The Bolton lathe does not have a T-slot on the compound rest, instead it has a stud (14mm i think) with a thread on top and at the base is a small collar that is 16mm diameter (about 5/8" high).

If i get a BXA type post, what modification will i need. I saw something online where the guy made a sleeve to fit over the existing stud machined from the supplied QCTP stud. Is that the best way, or does someone have another path forward.

Thanks in advance


----------



## Dan_S (Oct 14, 2016)

Yea, a 12" lathe is supposed to be the upper limit for an AXA.

With regards to the BXA, you will have to wait till it arrives and then measure it, because unless you ordered a top brand the mount style could be almost anything.

While you wait, take the compound off and see if the stud isn't pressed in from the bottom, and pinned.


----------



## peeg2819 (Oct 14, 2016)

Dan_S said:


> Yea, a 12" lathe is supposed to be the upper limit for an AXA.
> 
> With regards to the BXA, you will have to wait till it arrives and then measure it, because unless you ordered a top brand the mount style could be almost anything.
> 
> While you wait, take the compound off and see if the stud isn't pressed in from the bottom, and pinned.

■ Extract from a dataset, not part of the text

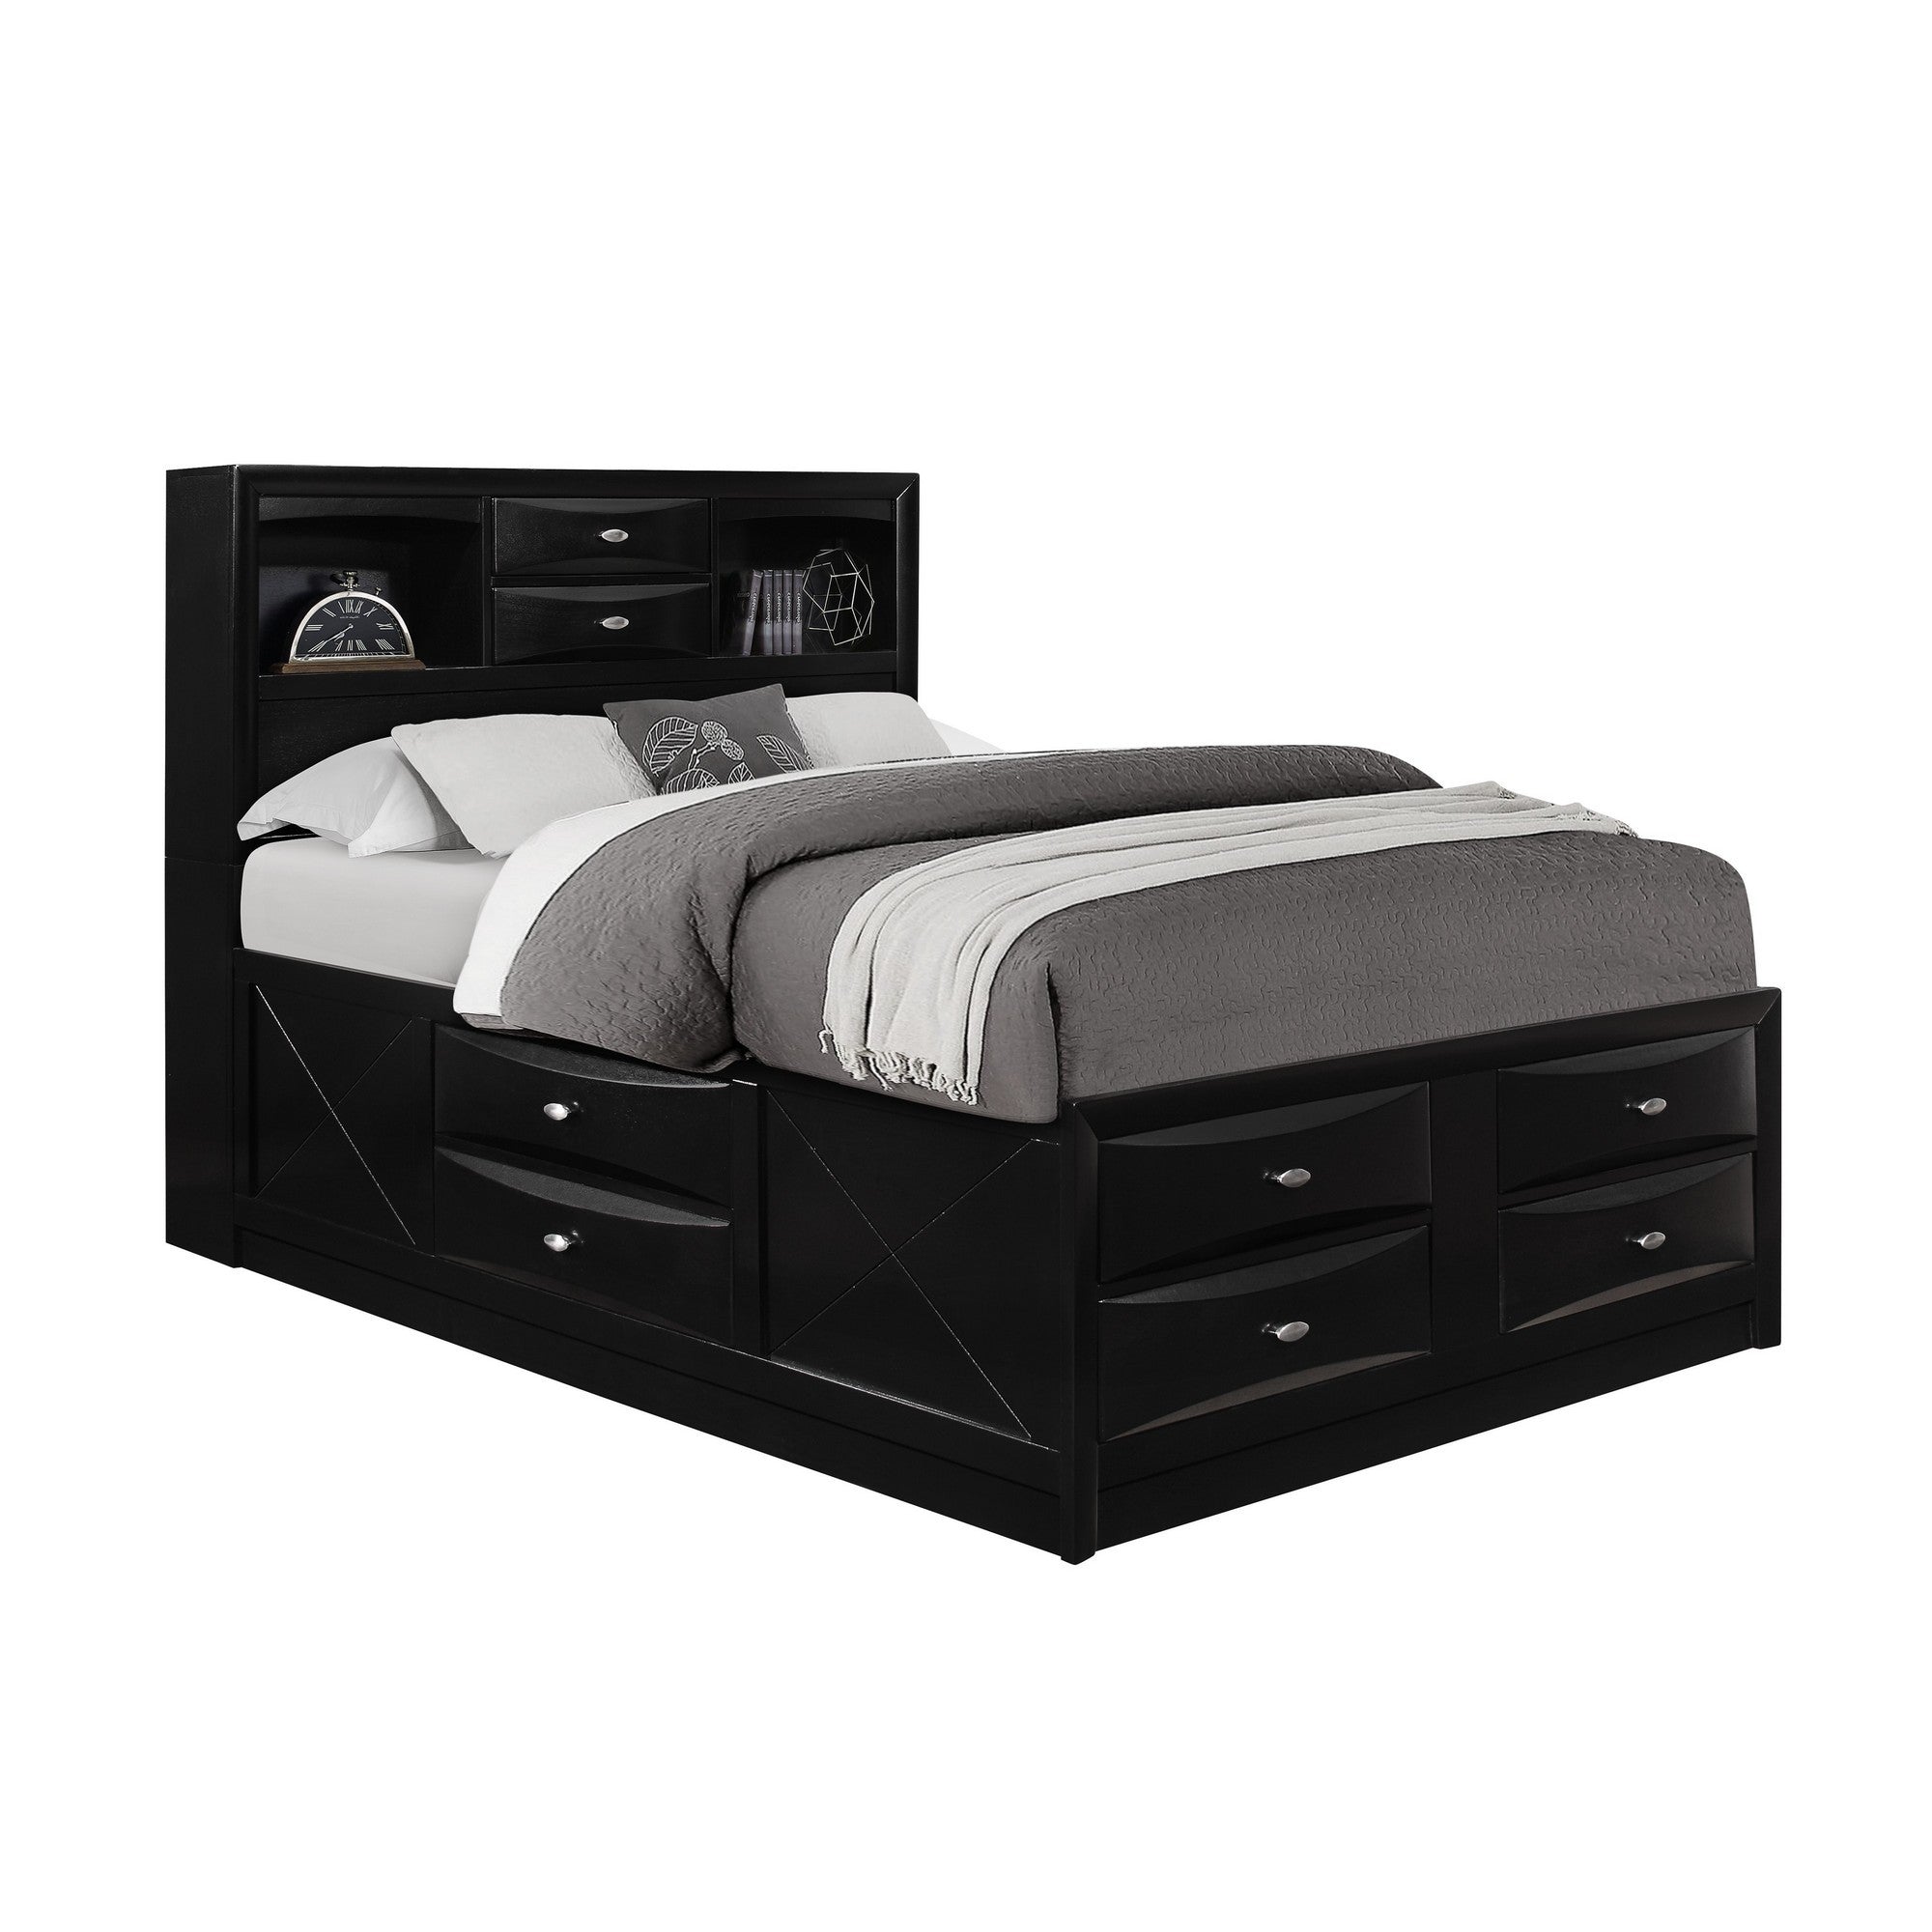 Black Veneer Full Bed with bookcase headboard  10 drawers Default Title

Dan, thanks for the info. The stud is pinned underneath the cross slide. If the BXA post is anything like the AXA one i received, then all that comes is the new stud (M16) screwed into a flat plate. Do i need to machine that plate to fit/pin into the counterbore on the underneath of the cross slide. I'm going to assume the new post stud (M16) will fit through the hole.


----------



## Dan_S (Oct 14, 2016)

The stud that usually comes with a QCTP is designed for the t-slot style mount. You will most likely have to machine the one that comes with the QCTP, or make one from scratch.


----------



## mikey (Oct 14, 2016)

Just make a new stud that fits the post on top and matches the OEM configuration on the bottom.


----------



## kd4gij (Oct 20, 2016)

Some one on here has a write-up on putting a tool post on that type compound. I think it was a grizzly lathe but I could be wrong.


----------



## ronboult (Oct 22, 2016)

I have a Sieg 13x40 lathe that has a top slide like yours. I mounted a BXA qctp by making a completely new post without the 25mm boss at the bottom. Fortunately I still had my old lathe so I could dismantle the new lathe and still machine a post to be an exact fit. You should be able to do it in several steps with just one lathe by making carefull measurements. I couldn't just machine the boss off the existing post as the BXA requires a larger diam post

I have two post regarding the issue
http://www.hobby-machinist.com/threads/fitting-a-qctp.35430/#post-300744 
and
http://www.hobby-machinist.com/threads/new-sieg-runmaster-330x1000-lathe.35198/#post-302270
Hope this helps 
Ron


----------



## Cadillac STS (Oct 22, 2016)

Need to see what fits but I vote for a sleeve but not made from the supplied QCTP stud.  Sleeve would have internal threads to match your current stud and top of the sleeve is the "Top of the bolt" to mount in the tightening rod to tighten it.  I think that is easier and leaves your lathe stock.  Looks like on yours in the picture you need to remove that centering nub, probably a bolt from the bottom.


----------